A equação elaborada por eles identificou que tais reformas aumentaram o interesse de investidores externos em direcionar seus recursos para países como o Brasil, Chile e Estônia (que recentemente aderiu a zona do Euro). O resultado, quando comparado a nações mais fechadas como Argentina e Rússia, é notável.

Em relação à solidificação das instituições brasileiras, os cientistas políticos Fernando Filgueiras e Ana Luiza Aranha (ambos da Universidade Federal de Minas Gerais) promoveram estudo[3] publicado recentemente na Revista Dados (IUPERJ) onde afirmam que as reformas realizadas até o momento foram fundamentais no aprimoramento da gestão pública.

No entanto, alertam também que estas ainda não foram suficientes para resolver as deficiências em relação ao que chamam de “linha de frente da burocracia”, onde alegam que a falta de regulamentação de processos dá espaço para propinas e subornos. Os pesquisadores afirmam ainda que “a corrupção (…) é transparente ao público [mas] não é punida, não permitindo um processo substancial de responsabilização dos agentes públicos”.

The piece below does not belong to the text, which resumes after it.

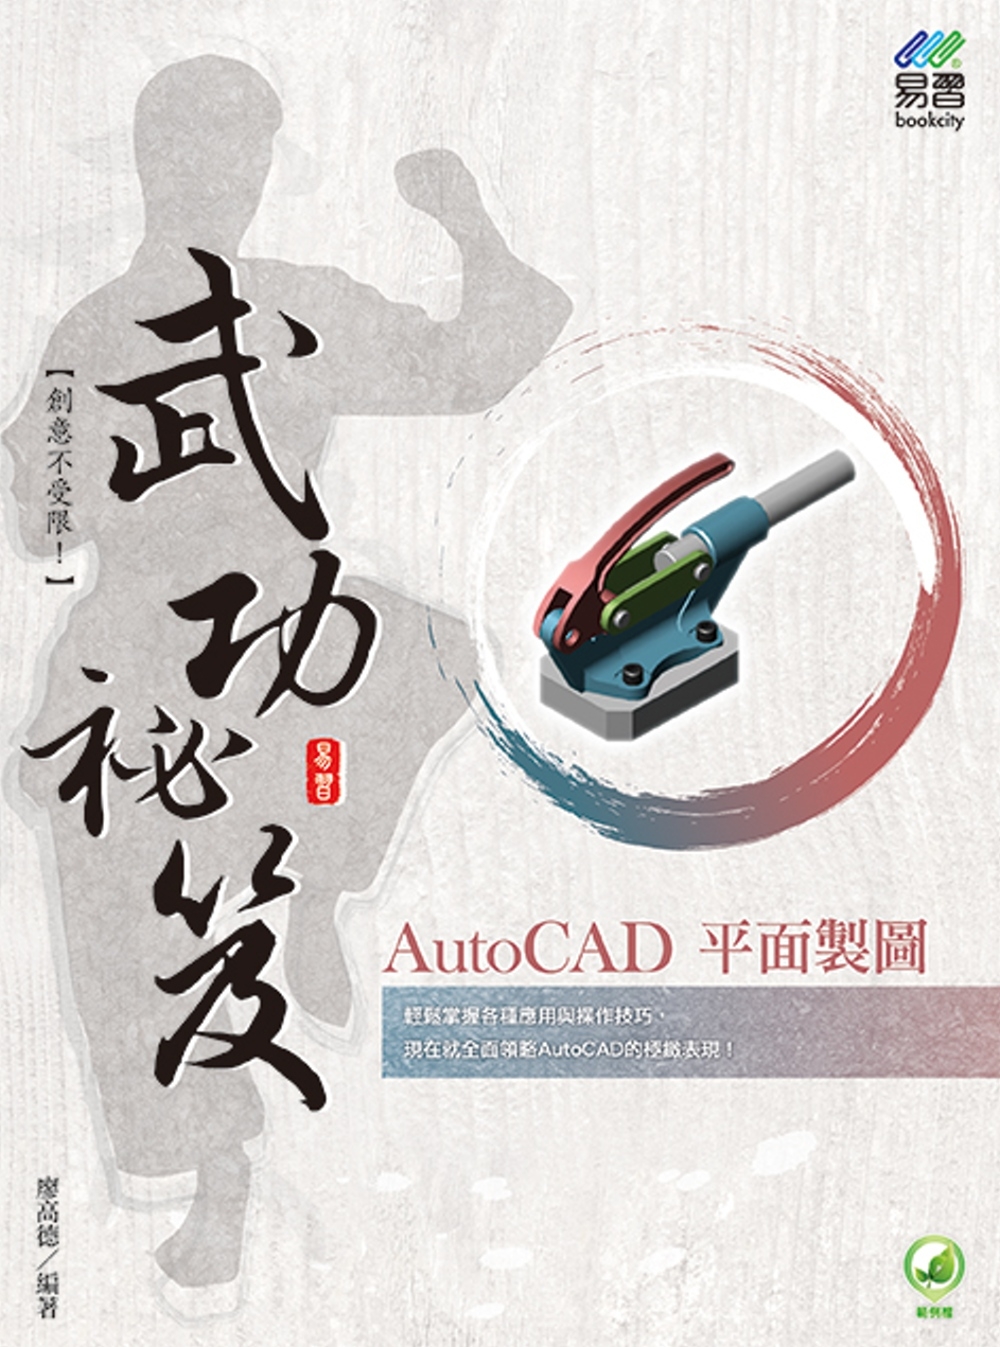 AutoCAD 平面製圖 武功祕笈

Esta, no caso, é a maior barreira a ser enfrentada pelo atual governo federal. Em vésperas da realização de dois eventos internacionais de grande porte como a Copa do Mundo e os Jogos Olímpicos, é danoso perceber o impacto negativo gerado pelos escândalos consecutivos de corrupção no primeiro escalão da presidente Dilma.

Além da demissão, espera-se que a punição – embora impopular na comunidade governista – dê exemplo não só para os demais agentes públicos mas principalmente para a comunidade externa que, como o estudo de Kinoshita e Campos aponta, vê na corrupção um fator impeditivo para aumentar seus investimentos.

Resta-nos esperar para ver se o atual governo preferirá a popularidade política momentânea ou o sucesso gerencial de longo prazo que proporcionou aos emergentes os avanços estruturais e a qualidade de vida que temos hoje.


[1] “The Impact of Trade Liberalization on the Trade Balance in Developing Countries”, publicado em janeiro de 2008 como IMF Working Paper.

[2] “Structural Reforms, Financial Liberalization, and Foreign Direct Investment”, publicado no IMF Staff Papers, volume 57, em 2010.

[3] “Controle da corrupção e burocracia da linha de frente: regras, discricionariedade e reformas no Brasil”, publicado na Revista de Ciências Sociais DADOS, volume 54, número 2, em 2011.